(Collected data)
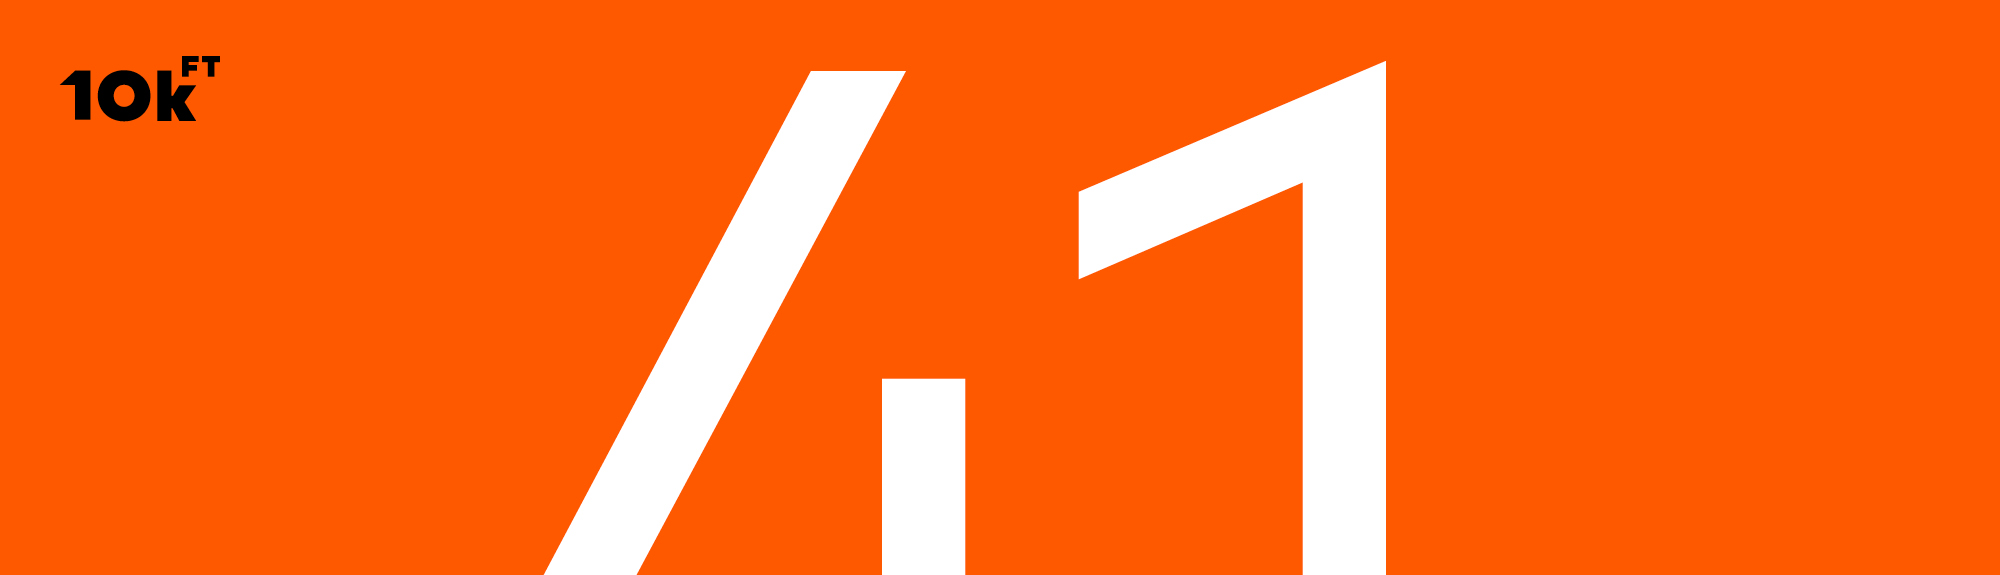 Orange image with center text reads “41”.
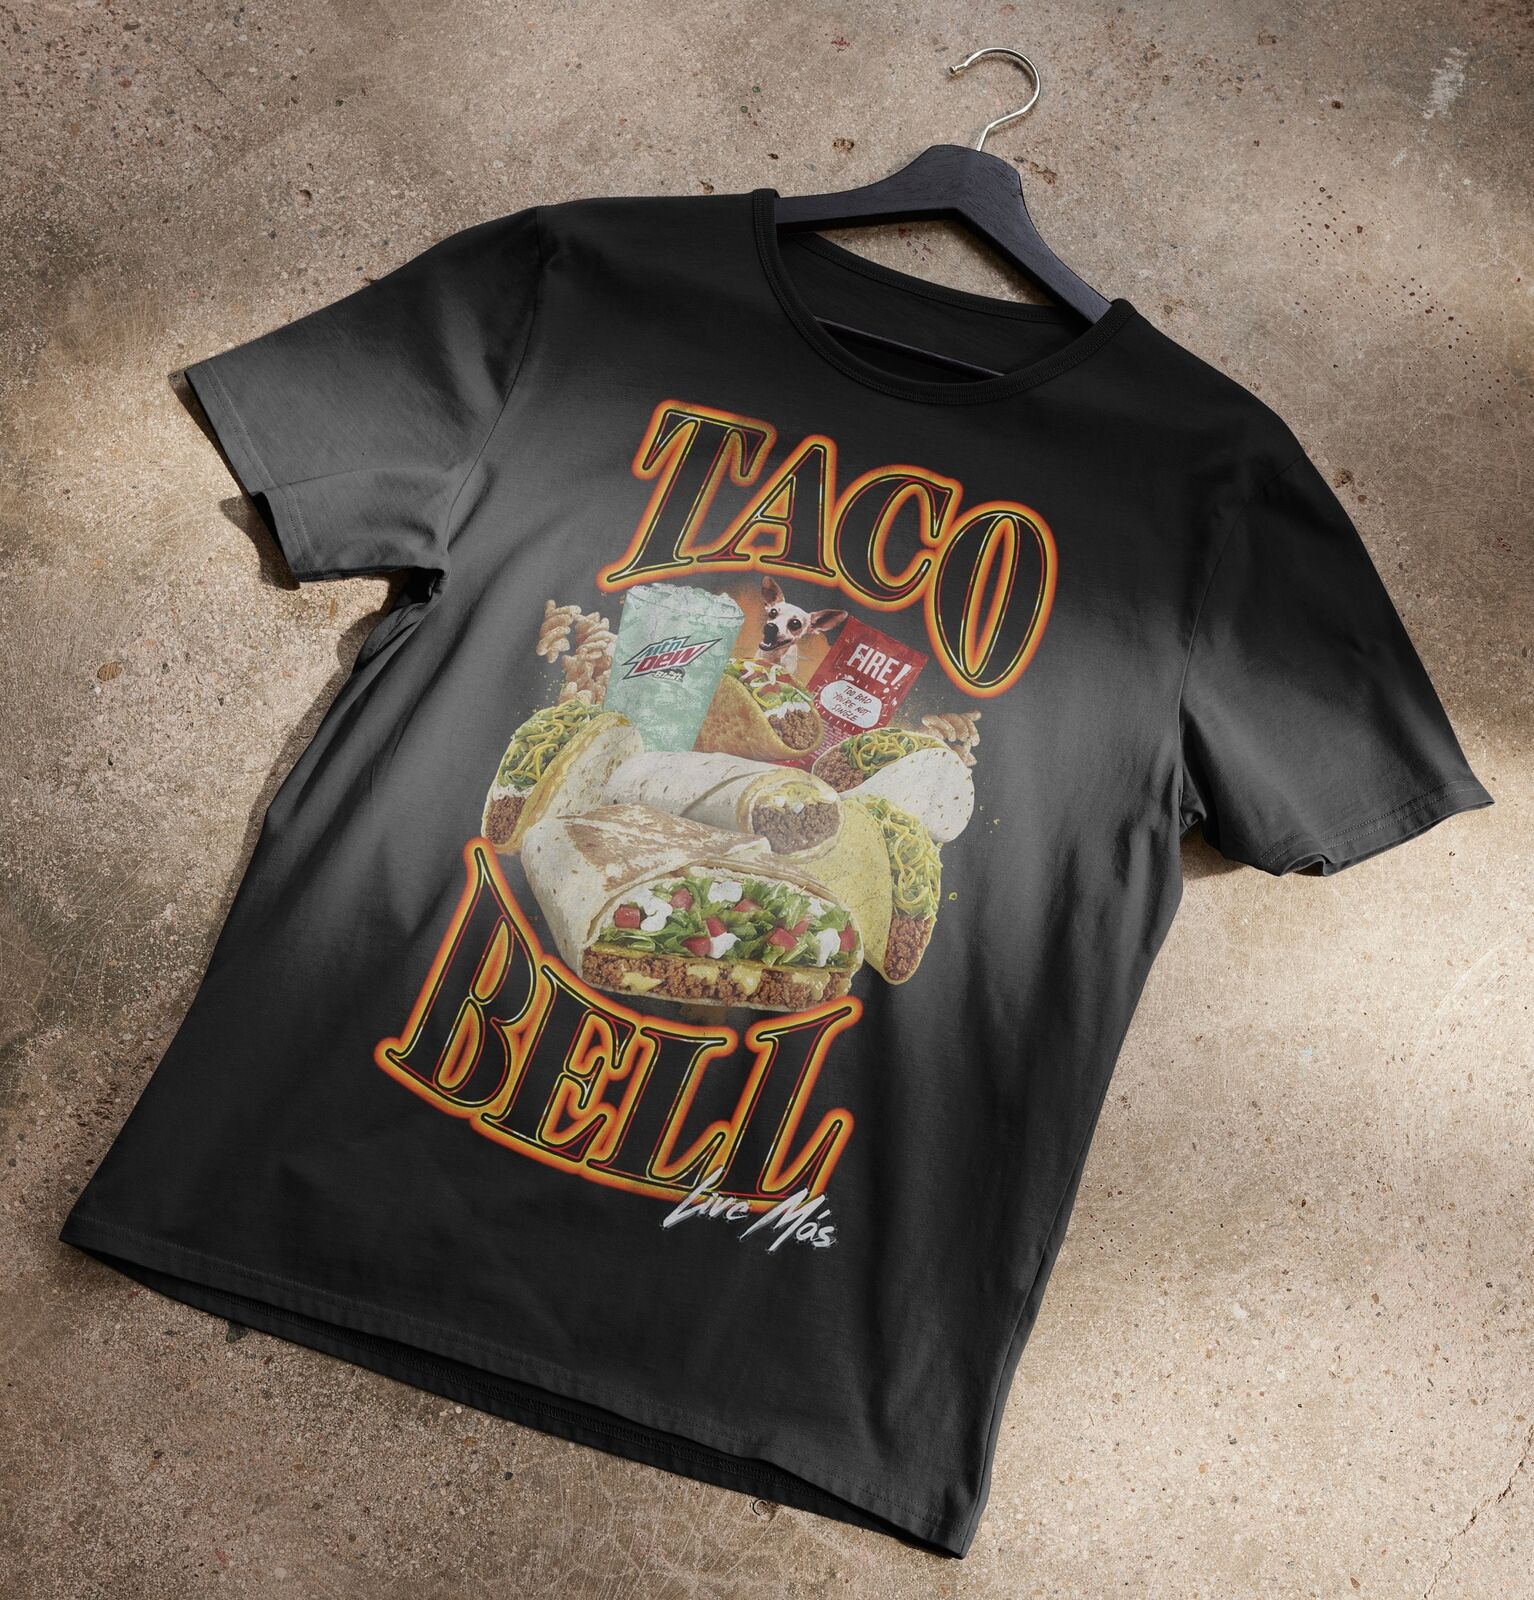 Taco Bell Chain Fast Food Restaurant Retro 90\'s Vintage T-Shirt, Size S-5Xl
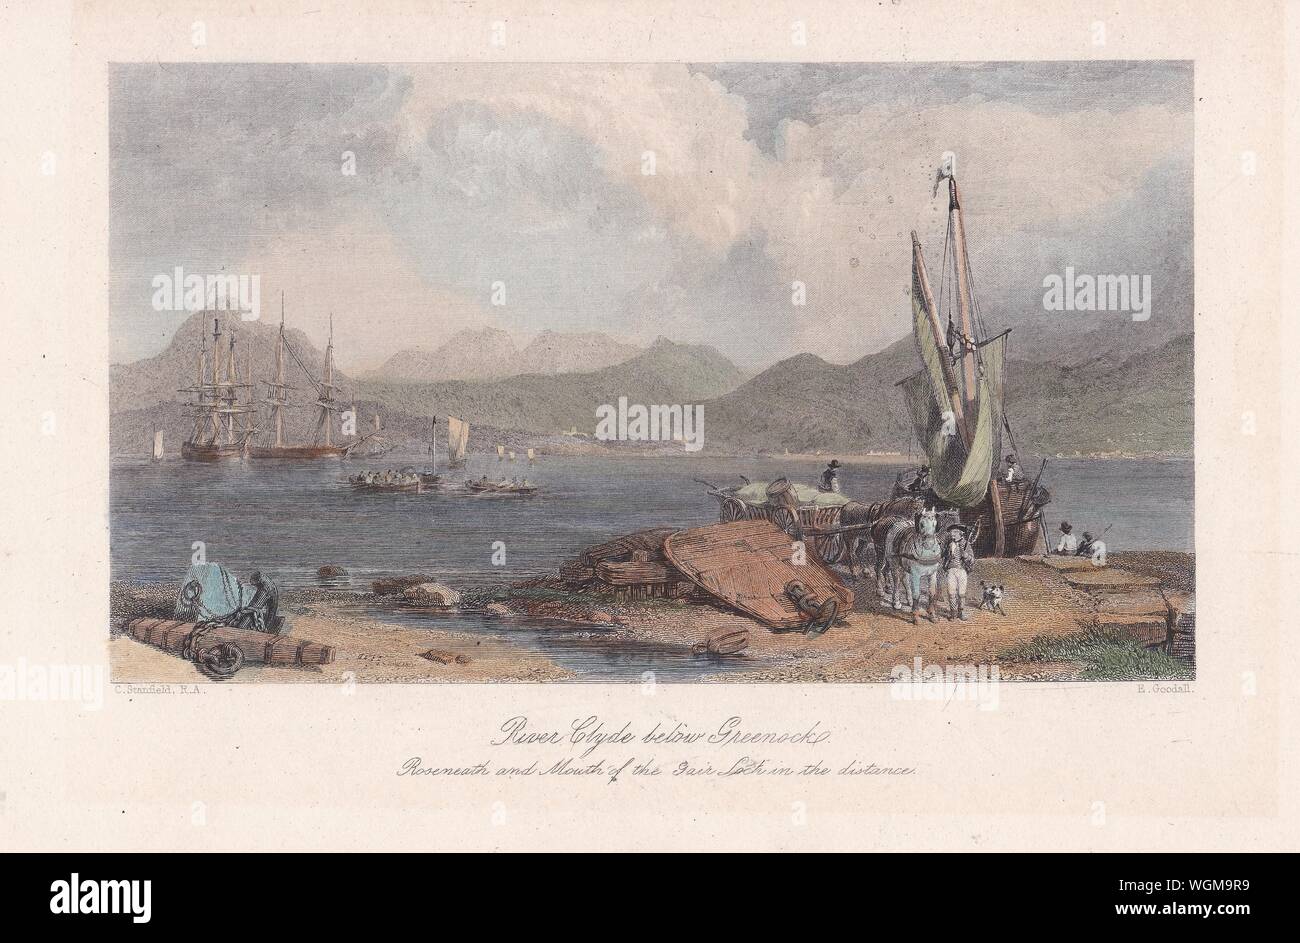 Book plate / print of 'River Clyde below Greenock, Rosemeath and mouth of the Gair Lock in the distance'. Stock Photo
(End Collected data)
◆ Task item: All of the material goes into the answer exactly as it stands, except for the pictures.

◆ Written solution:
 Orange image with center text reads “41”.
 Taco Bell Chain Fast Food Restaurant Retro 90\'s Vintage T-Shirt, Size S-5Xl
 Book plate / print of 'River Clyde below Greenock, Rosemeath and mouth of the Gair Lock in the distance'. Stock Photo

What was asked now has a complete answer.